Другой гусар бросился тоже к лошади, но Бондаренко уже перекинул поводья трензеля. Видно было, что юнкер давал хорошо на водку, и что услужить ему было выгодно. Ростов погладил лошадь по шее, потом по крупу и остановился на крыльце.
«Славно! Такая будет лошадь!» сказал он сам себе и, улыбаясь и придерживая саблю, взбежал на крыльцо, погромыхивая шпорами. Хозяин немец, в фуфайке и колпаке, с вилами, которыми он вычищал навоз, выглянул из коровника. Лицо немца вдруг просветлело, как только он увидал Ростова. Он весело улыбнулся и подмигнул: «Schon, gut Morgen! Schon, gut Morgen!» [Прекрасно, доброго утра!] повторял он, видимо, находя удовольствие в приветствии молодого человека.
– Schon fleissig! [Уже за работой!] – сказал Ростов всё с тою же радостною, братскою улыбкой, какая не сходила с его оживленного лица. – Hoch Oestreicher! Hoch Russen! Kaiser Alexander hoch! [Ура Австрийцы! Ура Русские! Император Александр ура!] – обратился он к немцу, повторяя слова, говоренные часто немцем хозяином.
Немец засмеялся, вышел совсем из двери коровника, сдернул
колпак и, взмахнув им над головой, закричал:
– Und die ganze Welt hoch! [И весь свет ура!]
Ростов сам так же, как немец, взмахнул фуражкой над головой и, смеясь, закричал: «Und Vivat die ganze Welt»! Хотя не было никакой причины к особенной радости ни для немца, вычищавшего свой коровник, ни для Ростова, ездившего со взводом за сеном, оба человека эти с счастливым восторгом и братскою любовью посмотрели друг на друга, потрясли головами в знак взаимной любви и улыбаясь разошлись – немец в коровник, а Ростов в избу, которую занимал с Денисовым.
– Что барин? – спросил он у Лаврушки, известного всему полку плута лакея Денисова.

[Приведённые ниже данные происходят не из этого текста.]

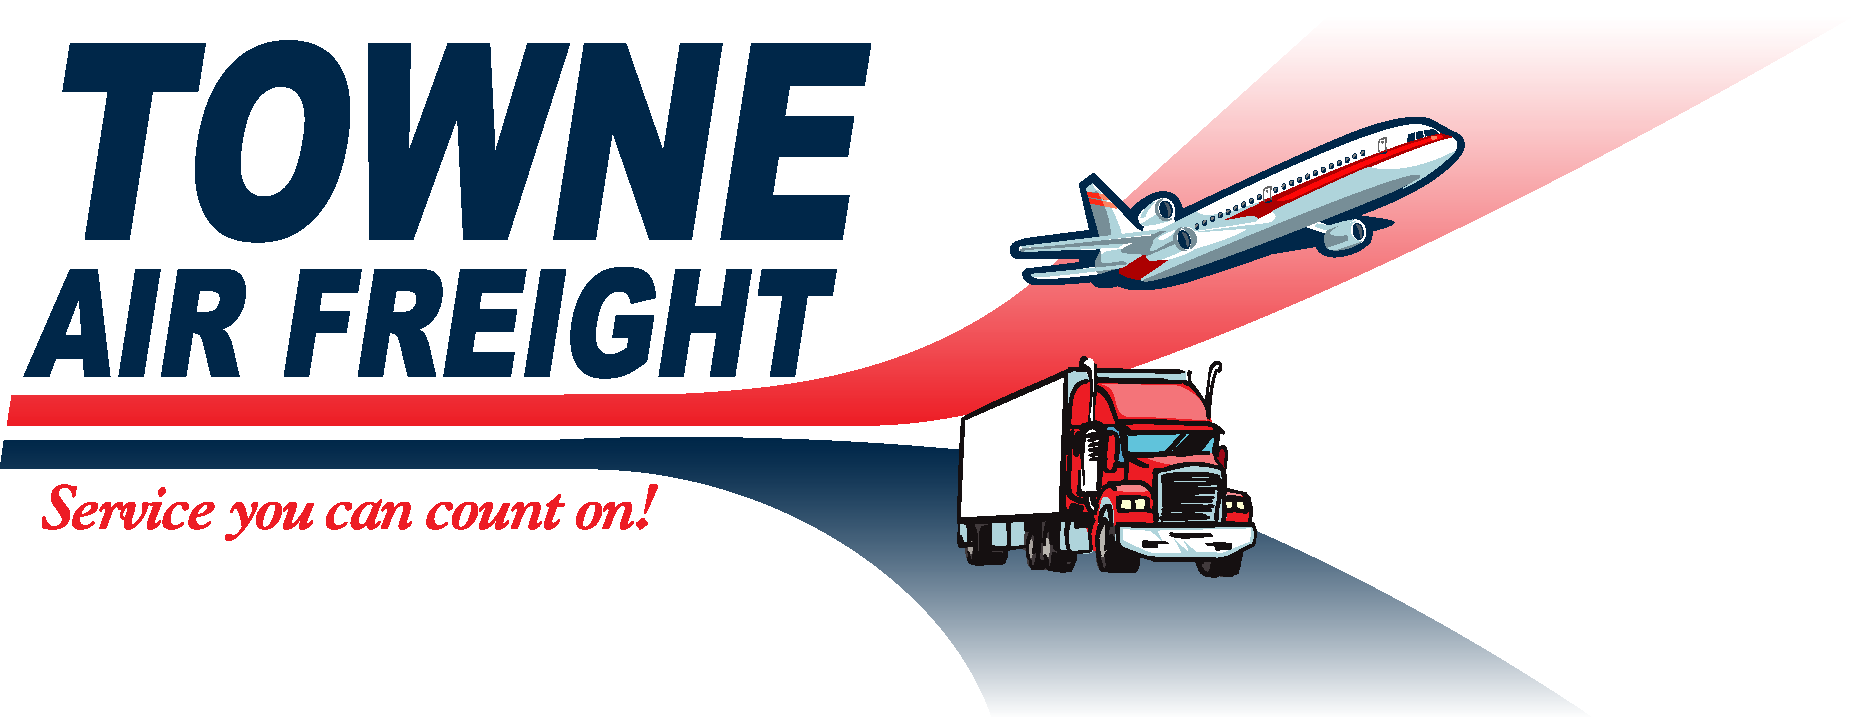 Towne Air Freight Logo Vector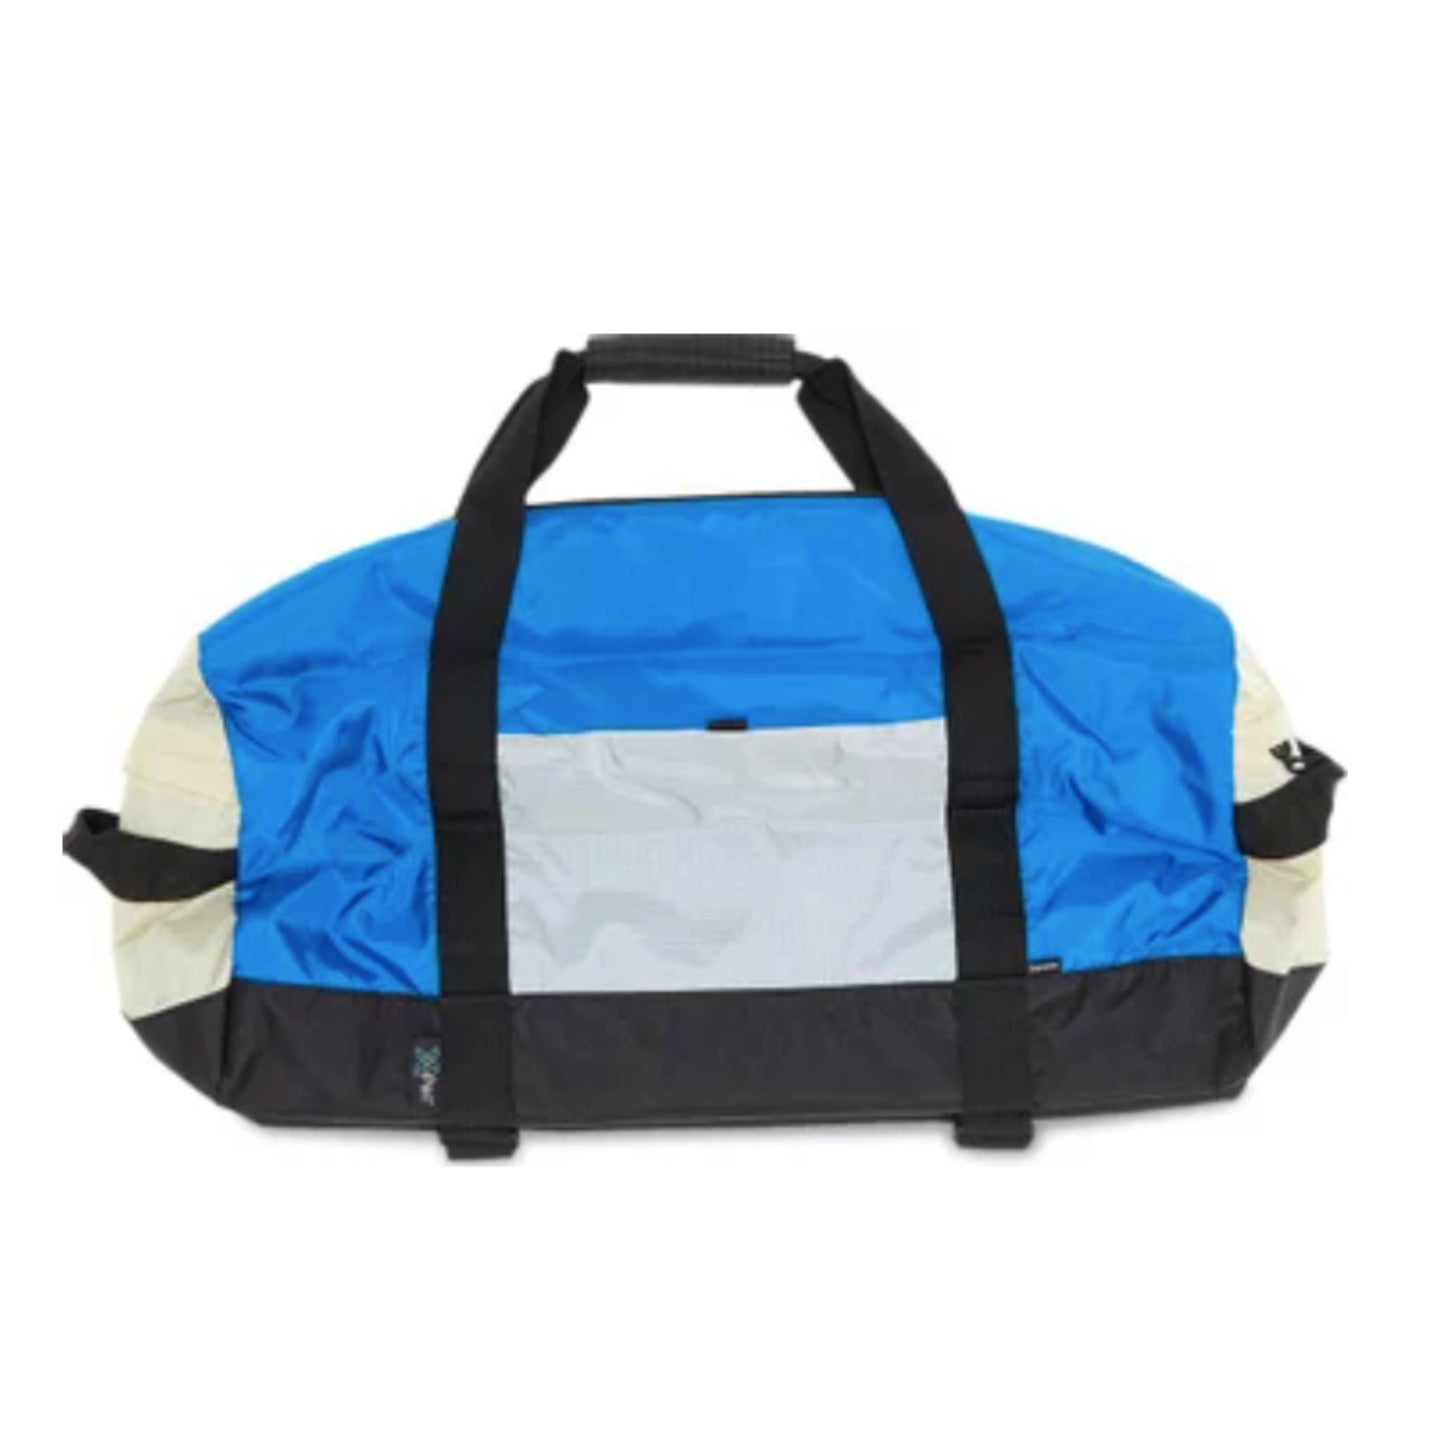 Buy Supreme Duffle Bag 'Blue' - FW23B15 BLUE

– С вечера не бывали. Верно, проигрались, – отвечал Лаврушка. – Уж я знаю, коли выиграют, рано придут хвастаться, а коли до утра нет, значит, продулись, – сердитые придут. Кофею прикажете?
– Давай, давай.
Через 10 минут Лаврушка принес кофею. Идут! – сказал он, – теперь беда. – Ростов заглянул в окно и увидал возвращающегося домой Денисова. Денисов был маленький человек с красным лицом, блестящими черными глазами, черными взлохмоченными усами и волосами. На нем был расстегнутый ментик, спущенные в складках широкие чикчиры, и на затылке была надета смятая гусарская шапочка. Он мрачно, опустив голову, приближался к крыльцу.
– Лавг'ушка, – закричал он громко и сердито. – Ну, снимай, болван!
– Да я и так снимаю, – отвечал голос Лаврушки.
– А! ты уж встал, – сказал Денисов, входя в комнату.
– Давно, – сказал Ростов, – я уже за сеном сходил и фрейлен Матильда видел.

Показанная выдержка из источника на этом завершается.